The Trouble With
Diversity
What is “Culture” in Multiculturalism?
(This piece was supposed to
have been a review of Walter Benn Michaels' book,
The Trouble with Diversity, and was crossposted at
The Valve)
I haven’t been able to get
Michaels’ book yet (it’s on the truck!), but I’ve read scattered
writings of his on the internet. Some of the below may seem
self-evident or simple-minded, but I think that the some of the
basic issues are hidden at a deep level too obvious for most people
to bother with. Under other circumstances I could write something
about what’s good in multiculturalism, because I’m not its sworn
enemy in every respect. But by and large I think that
multiculturalism misunderstands the meaning of the word “culture”,
and I think that the problem arises from a folk confusion between
two different ways of defining the word.
The social-science meaning of “culture” is
something like “All human traits and social structures which are
learned and not innate”. In general non-innate traits are assumed to
be variable from one society to the next, giving us multiple
cultures. But the traditional meaning of culture was “high
culture”—the various things that make someone a finer sort of
person. Good manners, a taste for classical music, and so on.
Multiculturalism seems to use the first
definition, but I believe that it’s been contaminated by second
definition. The multiculturalists apply anthropological relativism
to traditional high culture, arguing that the old high culture
regime was wrongly elitist and Eurocentric, and that in fact all
cultures (foreign, primitive, minority, or lower-class) are equally
valid. But the problem is that “high culture” (as Veblen shows) was
defined by optional choices in luxury consumption, and when the
non-elite non-western cultures were upgraded, they were also
upgraded as consumption choices.
So culture was defined in terms of cuisine,
and fabrics and dress, and music and dance, and poetry, and myth,
and so on -- we become multicultural by consuming non-western
or non-white luxury products. Multiculturalism often seems to be a
kind of consumerism-cum-noblesse-oblige displayed by the children of
the elite, as they travel from Yucatan to Bali to Dali to Nepal
spectating the exotic customs of colorful peoples living hard lives
which they themselves would be unable to endure for even a week.

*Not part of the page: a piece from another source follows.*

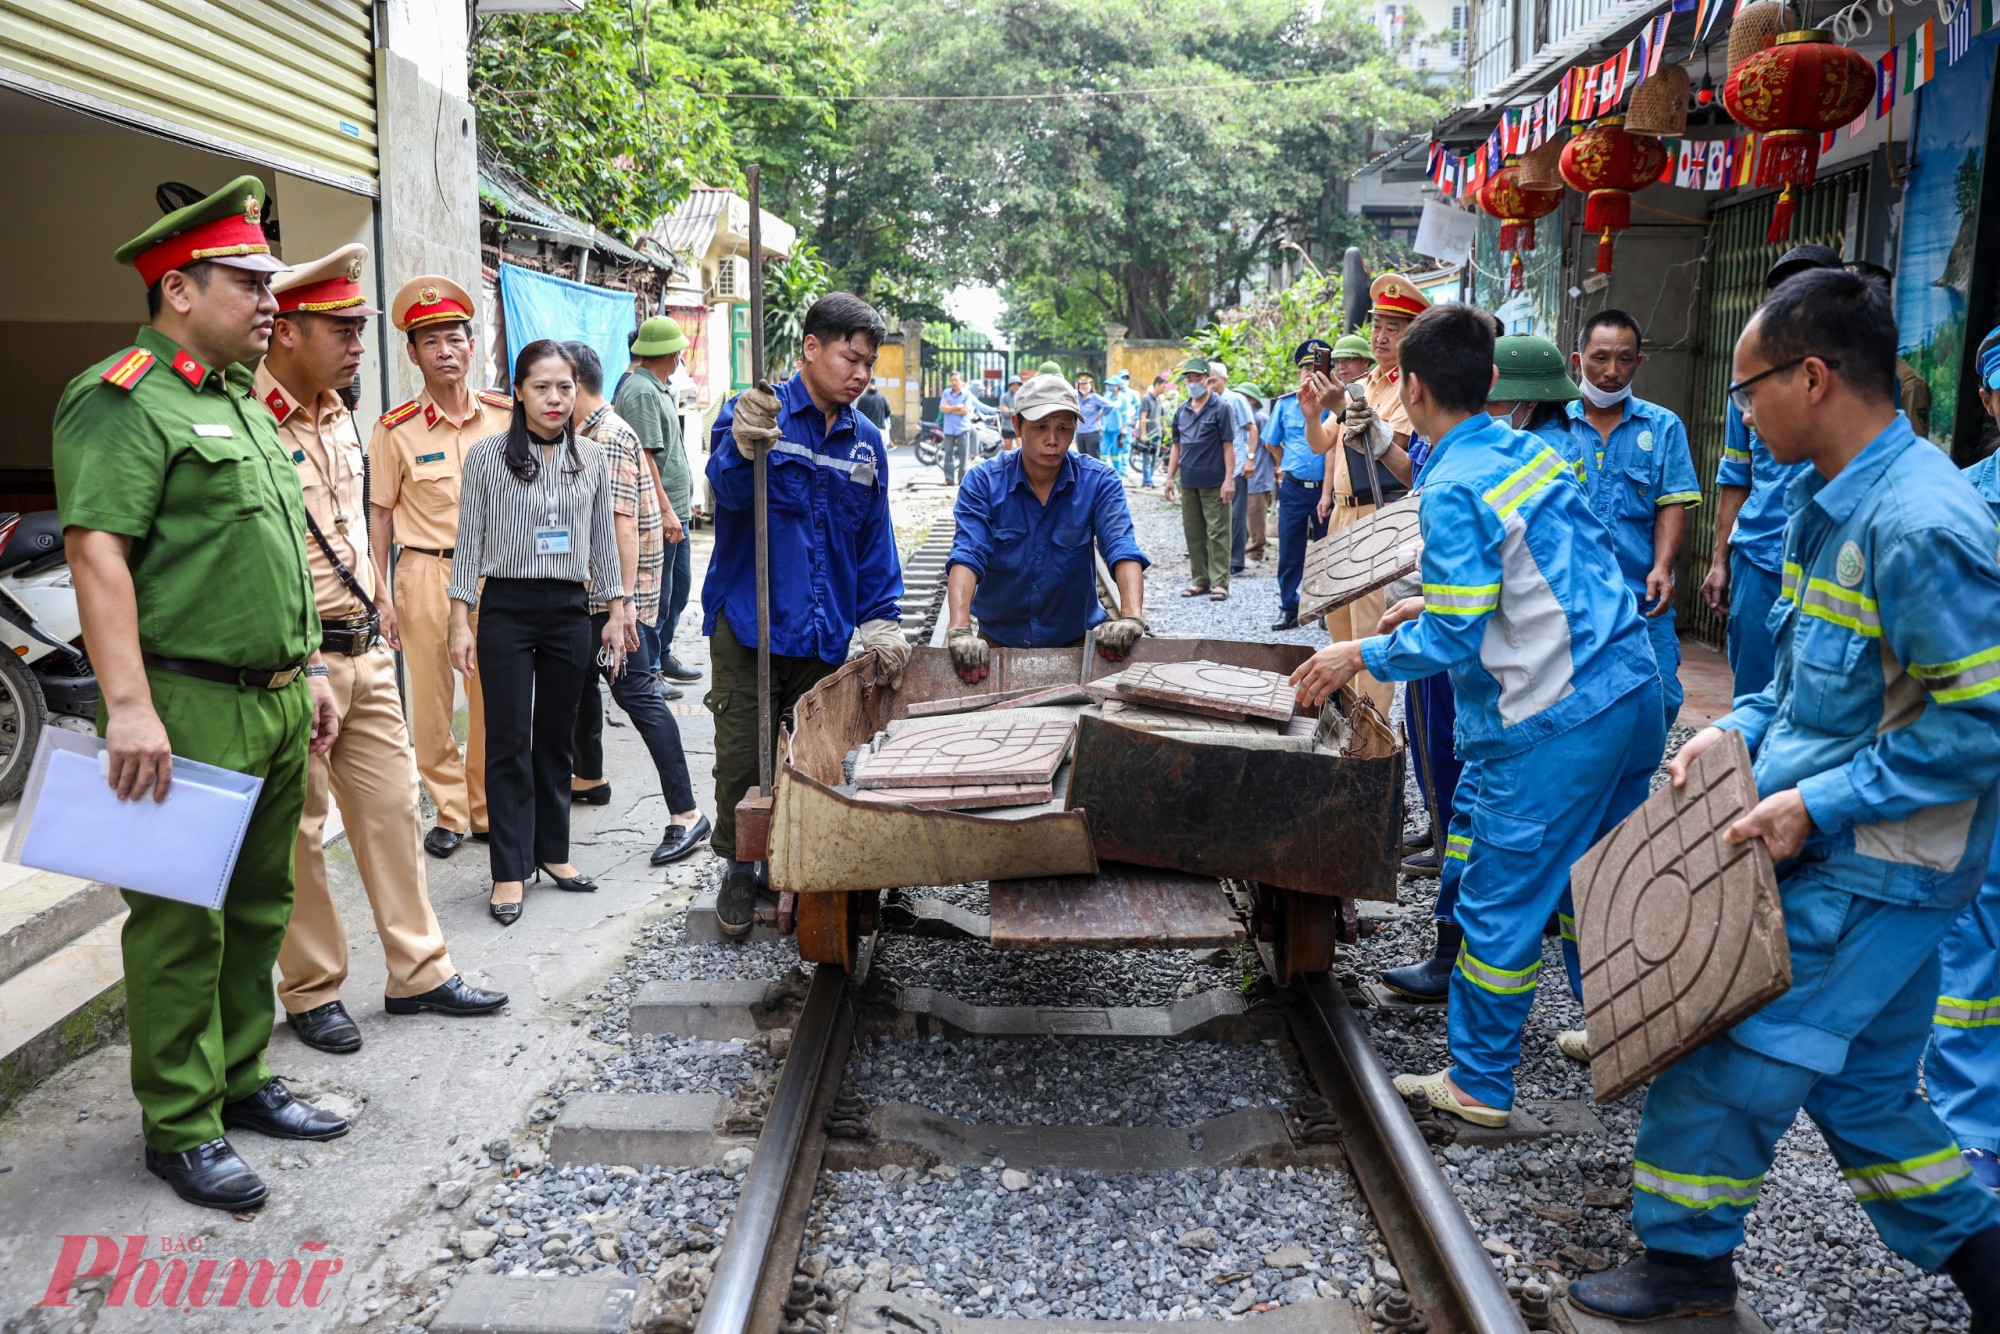 Tổ công tác liên ngành dọn dẹp khu vực đường sắt, đoạn từ gác chắn đường tàu trên phố Khâm Thiên và kết thúc tại đầu ngõ 222 đường Lê Duẩn với chiều dài khoảng 400m.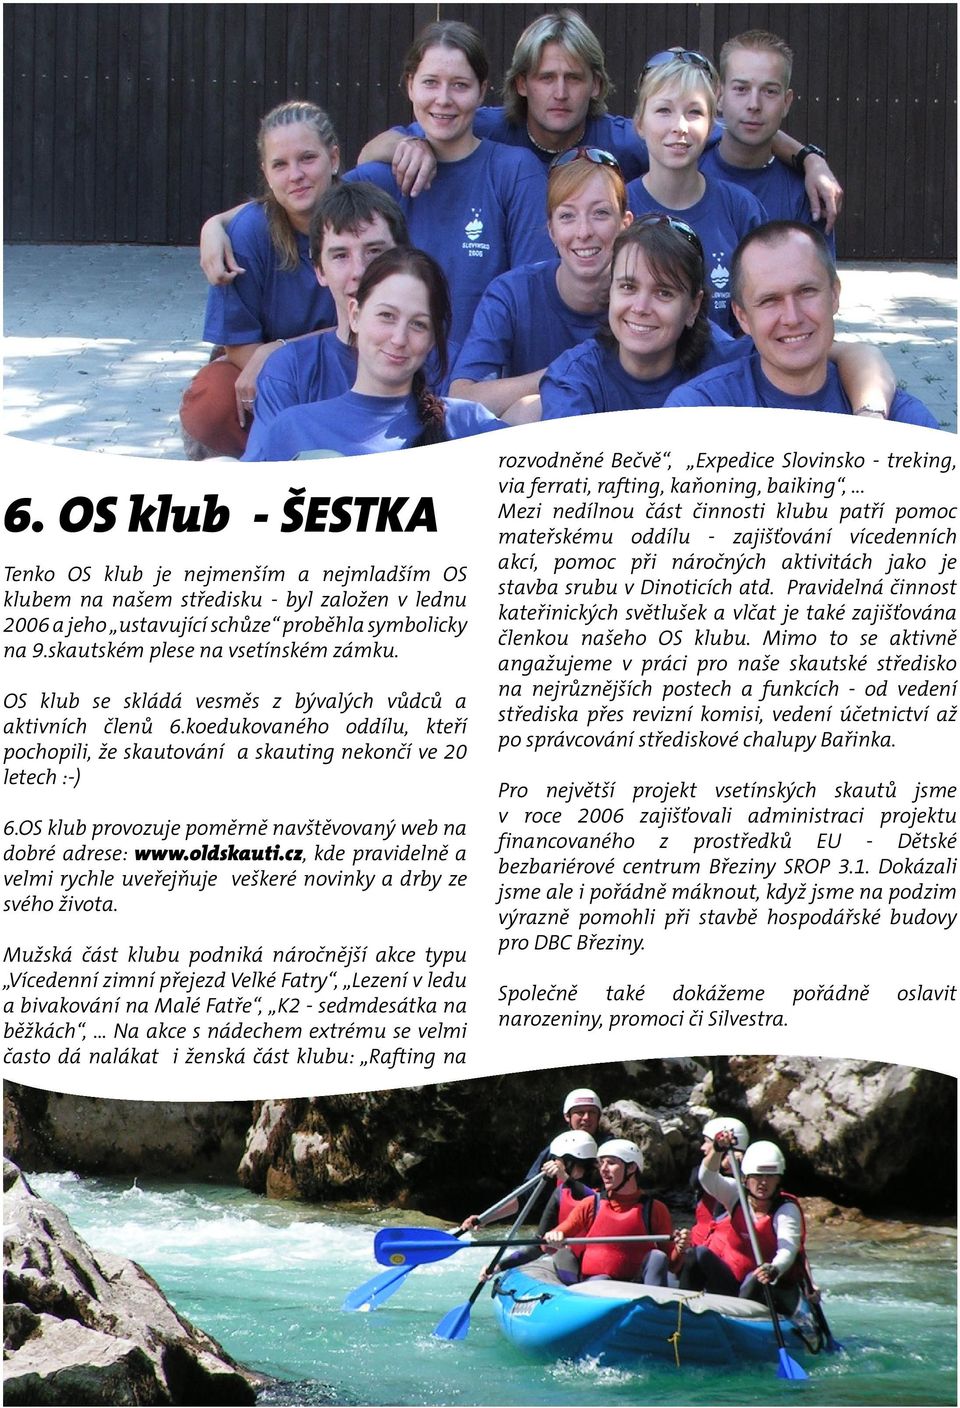 OS klub provozuje poměrně navštěvovaný web na dobré adrese: www.oldskauti.cz, kde pravidelně a velmi rychle uveřejňuje veškeré novinky a drby ze svého života.

All this is a manifestation of the
characteristic division of American (or capitalist) life into work
(production) and play (consumption). Work is necessary and real, and
play (culture) is optional and not really real -- the fact-value
distinction all over again. (In fact many “realists” understand even
ethics to be an optional, expensive “frill”.)
Consumer multiculturalism is fake. Hindu
culture, for example, isn’t just a lot of nice stuff you can buy.
It’s arranged marriage, purdah, the caste system, untouchability ,
food taboos, the rajahs (at least, before the British arrived), and
so on. Nobody really wants to adopt the serious structural aspects
of Hindu culture -- on these questions, we all want to continue to
be Americans. Immigrants themselves usually want to live as
Americans with regard to serious things like property rights and
law, and if they don’t, very serious problems can arise (e.g., honor
killing).
The viability of multiculturalism thus depends
on its not being very real, and to the extent that multi-culturalism
is seriously promoted as an ideal, terrible misunderstandings are
likely. The most immediate examples come from the family system. The
traditional Muslim, Hindu, or Chinese family cannot be brought to
America, because American children are outside parental control
after age 18. The emancipation of adult children one of the defining
principles of American freedom, though it isn’t often thought
of that way -- mostly because it’s so well-established. But parental
rights over adult children, especially daughters, are essential to
many traditional cultures -- notably Islam. Thus, an aspect of Islam
regarded as centrally important by many or most Muslims is incompatible with American life.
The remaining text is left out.